SECURE 2.0: What’s New, What You Must Do, What’s Optional, What’s Changing

Since the SECURE 2.0 Act was passed in December 2022, its provisions have been rolling out over several years. Between May and October 2025, we’ve seen significant clarifications and final rules, especially around catch-up contributions, auto-enrollment, and plan design. Below is a timeline of key developments, followed by action items for plan sponsors and what older rules you can now drop or reassess.

Timeline & Key Developments

 

2023 — Baseline & foundational changes

  • The SECURE 2.0 Act became law on December 29, 2022 and many of its provisions began phasing in starting 2023.
  • One of the earliest changes was increasing catch-up contributions for those age 50+ from $6,500 to $7,500.
  • The required minimum distribution (RMD) age was bumped from 72 to 73 for many individuals.

2024 — Intermediate implementation

  • Some provisions, such as student loan payment matching, became actionable in 2024.

  • The 529 plan rollover to Roth IRA feature (up to $35,000) began in 2024.

2025 — Major new steps, clarifications & final rules

  • On January 1, 2025, many auto-enrollment provisions kick in for newly established 401(k)/403(b) plans (those formed after December 29, 2022). Plans must automatically enroll eligible employees at a minimum of 3% and increase by 1% annually until at least 10% (capped at 15%).
  • In 2025, super catch-up contributions for those aged 60–63 become available. The limit will be whichever is greater: $10,000 or 150% of the regular age-50+ catch-up limit. For 2025, that works out to $11,250.
  • The IRS/Treasury issued final regulations on Roth catch-up contributions in 2025, requiring certain higher-income participants to designate catch-up contributions as Roth (i.e. after-tax).
  • The proposed and final regulations for automatic enrollment, notice obligations, eligibility, and deemed Roth elections have continued to be refined in 2025.

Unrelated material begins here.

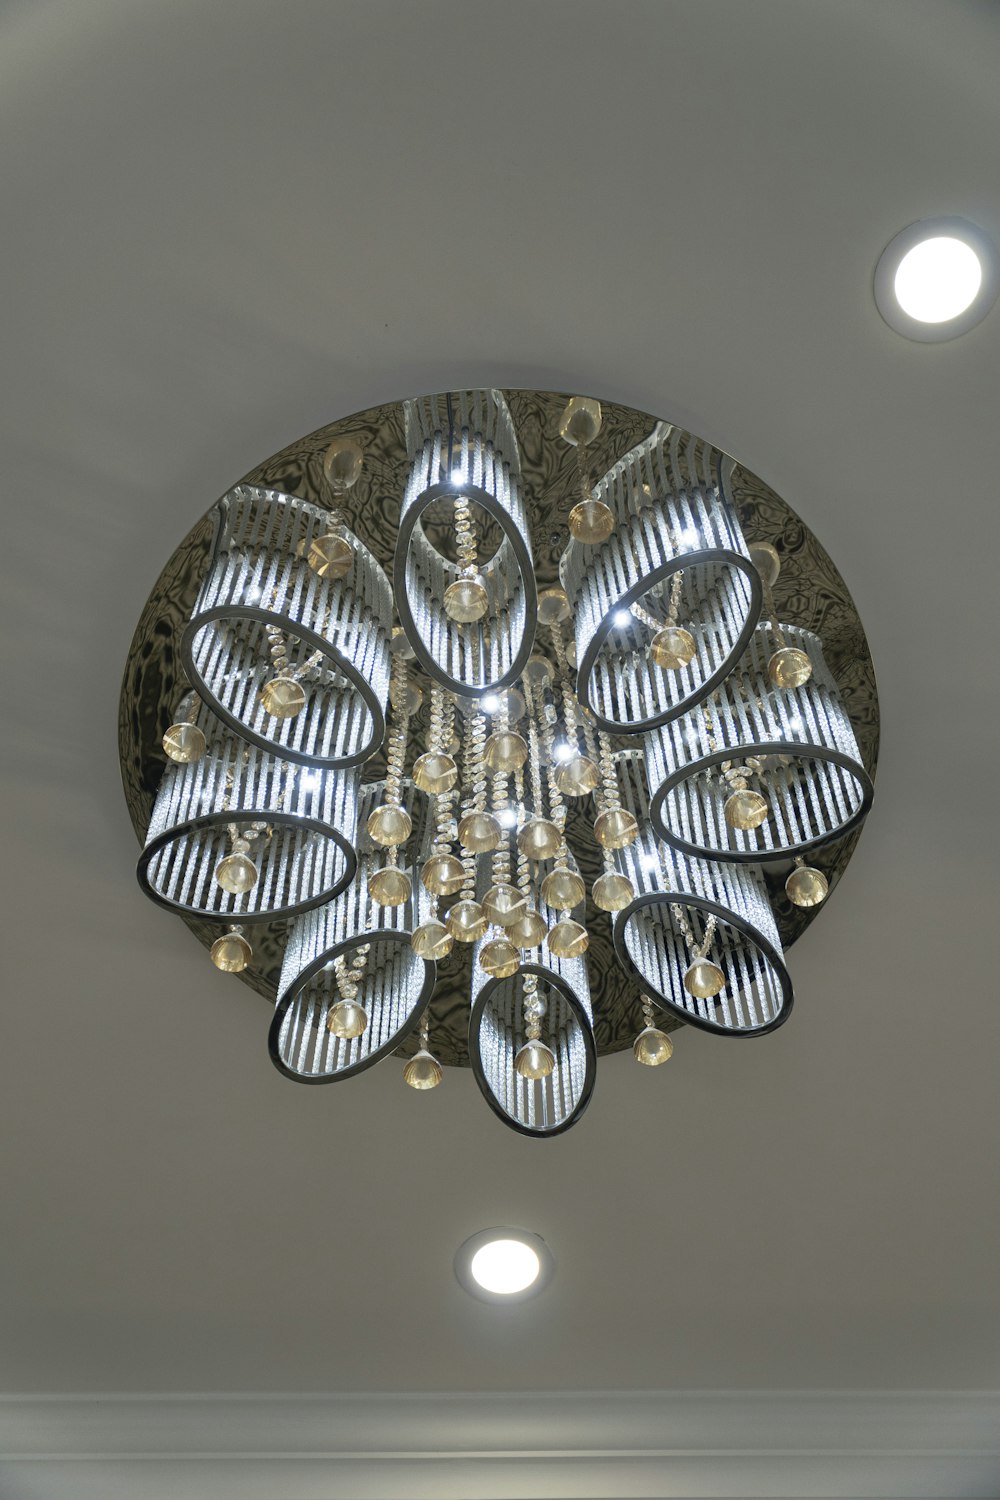 a circular light fixture hanging from the ceiling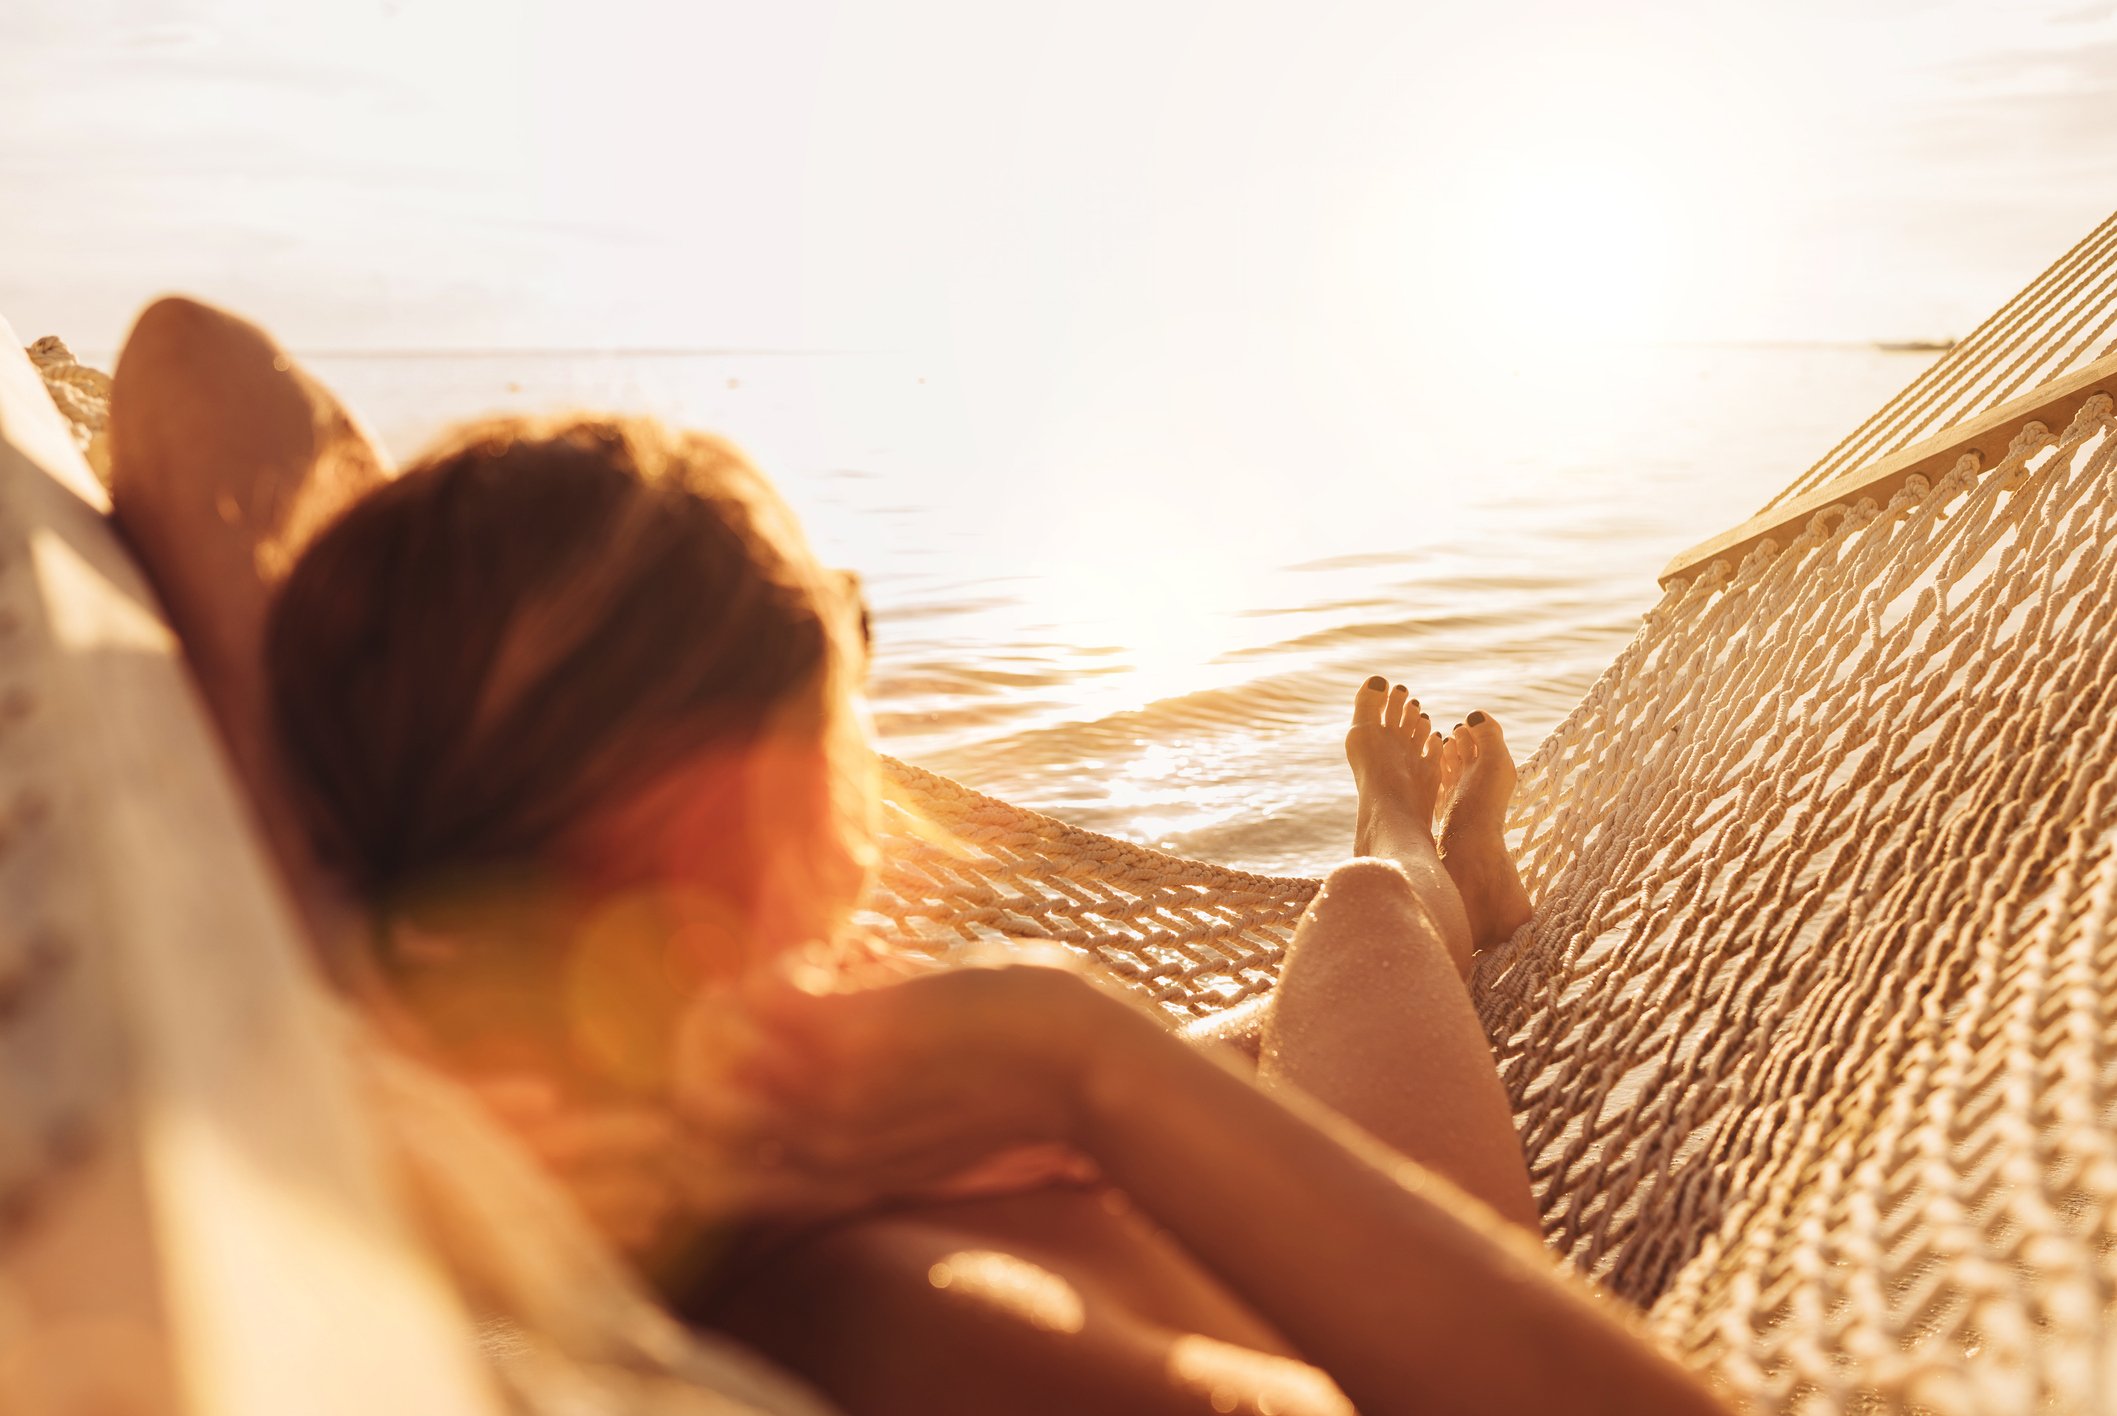 Young woman relaxing in wicker hammock on the sandy beach on Mauritius coast and enjoying sunset light over Indian ocean waves

  • The 2025 cost-of-living adjustments for retirement plans were set: for example, elective deferral limits increased to $23,500.
  • The limitation on defined benefit plans rose from $275,000 to $280,000.

  • The IRS continues to accept restatement and determination-letter applications through March 31, 2025, for certain defined benefit plans. 

What Is Optional or Can Be Deferred (But You Should Consider)

  • Offering super catch-up contributions: Not required, but beneficial. Plans that include catch-up may elect to adopt the higher limits for ages 60–63.
  • Deemed Roth election approach: Plans may automatically treat catch-up contributions of impacted participants as Roth (unless they opt out), easing administrative burden.
  • Auto-enrollment for older plans: The mandate applies only to newly established plans (post-Dec 2022). Legacy plans are not forced to adopt it.

  • Accelerating implementation: Some sponsors may voluntarily adopt some features (e.g. Roth catch-up, auto-enrollment) earlier, under “reasonable good-faith interpretations.”

What’s No Longer or Less Relevant / Superseded (Review These)

  • The old catch-up limit of $6,500 for age 50+ is obsolete; for 2023 onward, the base is $7,500 (with super catch-ups for 60–63).
  • The previous RMD age of 72 is mostly superseded for new cohorts. Under SECURE 2.0, many are required to begin RMDs at age 73 or later.
  • Some older rules regarding part-time employee eligibility (three-year rule) have changed: now, part-time employees meeting 500 hours over two consecutive years may qualify.

Key Takeaways & To-Do List

  1. Review your plan’s establishment date — if your plan was created after December 29, 2022, auto-enrollment will be mandatory beginning in 2025 (unless exceptions apply).
  2. Amend plan documents to allow super catch-up for ages 60–63 (optional but often advantageous).
  3. Update administration systems to support Roth catch-up contributions (especially for higher earners) and handle the transition rules.
  4. Adjust W-2 and payroll processes for de minimis incentives and reporting changes.
  5. Check defined benefit plans for restatement requirements by March 31, 2025.
  6. Reassess older assumptions (e.g. old catch-up limits, older RMD rules, part-time eligibility) to ensure your plan is aligned with current law.